Retirement costs the average senior $46,000 a year, while Social Security pays the typical beneficiary about $18,000 annually. Do the math, and it's clear that those numbers don't line up. Even if you're willing to live more frugally than the typical senior, you'll still need more than your Social Security benefits to maintain a decent standard of living, and that's where personal savings come in. The money you accrue in your 401(k) or IRA could spell the difference between struggling financially in retirement and paying your bills with relative ease.

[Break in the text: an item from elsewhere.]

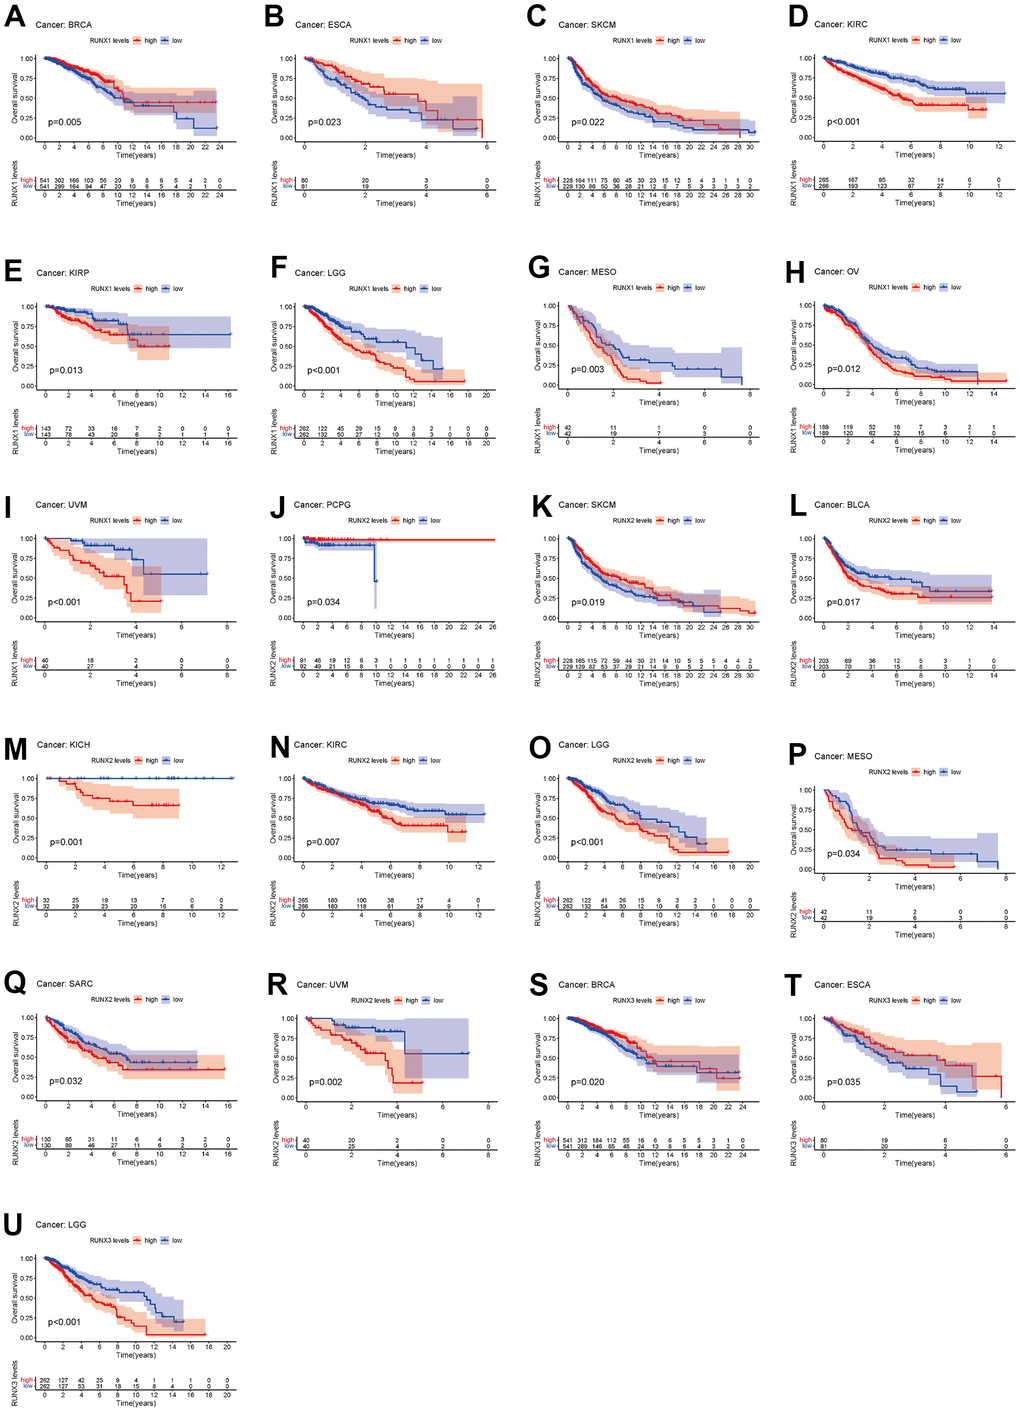 Kaplan–Meier survival curves comparing pan-cancer high and low expression of RUNX gene family genes. OS survival curves for RUNX1 in different cancers: (A) BRCA, (B) ESCA, (C) SKCM, (D) KIRC, (E) KIRP, (F) LGG, (G) MESO, (H) OV, (I) UVM. OS survival curves for RUNX2 in different cancers: (J) PCPG, (K) SKCM, (L) BLCA, (M) KICH, (N) KIRC, (O) LGG, (P) MESO, (Q) SARC. OS survival curves for RUNX3 in different cancers: (R) UVM, (S) BRCA, (T) ESCA, (U) LGG.

There's just one problem: An estimated 10% of Americans don't have any money set aside for retirement, according to a recent Transamerica survey. And those who don't take steps to start saving may be in for a world of financial hurt later in life.
If you don't have any money in a dedicated retirement plan, it's imperative you make savings an instant priority. Here's how to build a nest egg that serves you well during your senior years -- even if you're starting with nothing.
1. Begin living more frugally
Chances are, there are some expenses in your budget you can cut without it having too great an impact on your quality of life. Comb through your bills and identify a few you can cut back on initially. That could mean ordering food delivery less frequently or canceling the gym membership you don't use that often anyway.
2. Start small and work your way up
Currently, you can contribute up to $6,000 a year to an IRA if you're under 50 or up to $7,000 if you're 50 or older. With a 401(k), these limits are much higher -- $19,500 for workers under 50 and $26,000 for the 50-and-over set. But if you're not in the habit of funding a retirement plan at all, you can't be expected to magically start maxing one out overnight.
What you can do, however, is start contributing $50 here or $100 there to your retirement plan and increase your savings rate over time. You might, for example, only manage to save $300 in total this year, but then pledge to save your entire $2,500 raise in 2021 and every other raise from that point forward.
3. Invest aggressively to boost your savings
The money in your retirement plan shouldn't just sit there in cash (though if you're very close to retiring, a small portion should). Rather, invest your savings to grow that money into an even larger sum over time, and the best way to do so is to focus on stocks. Though they're more volatile than bonds, when you're dealing with a lengthy savings window, you have plenty of time to ride out market downturns and come out ahead. On the other hand, if you stick with conservative investments, like bonds, you may wind up disappointed with your total savings balance.
Imagine you start setting aside $200 a month in a retirement plan at age 37, with the goal of retiring at 67. If you play it safe and invest heavily in bonds so that your account generates an average annual 4% return, you'll end up with about $134,600 after 30 years. But if you go heavy on stocks so that your retirement plan delivers an average annual 7% return instead, you'll grow your savings balance to about $226,700. That's a $92,000 difference, all for contributing the same amount of money over time.
Even if you don't plan to live it up in retirement, you'll still need money beyond what Social Security will pay you. Do your best to build up a sizable 401(k) or IRA balance while you can. You'll be grateful for that extra income once you realize just how costly your senior years actually are.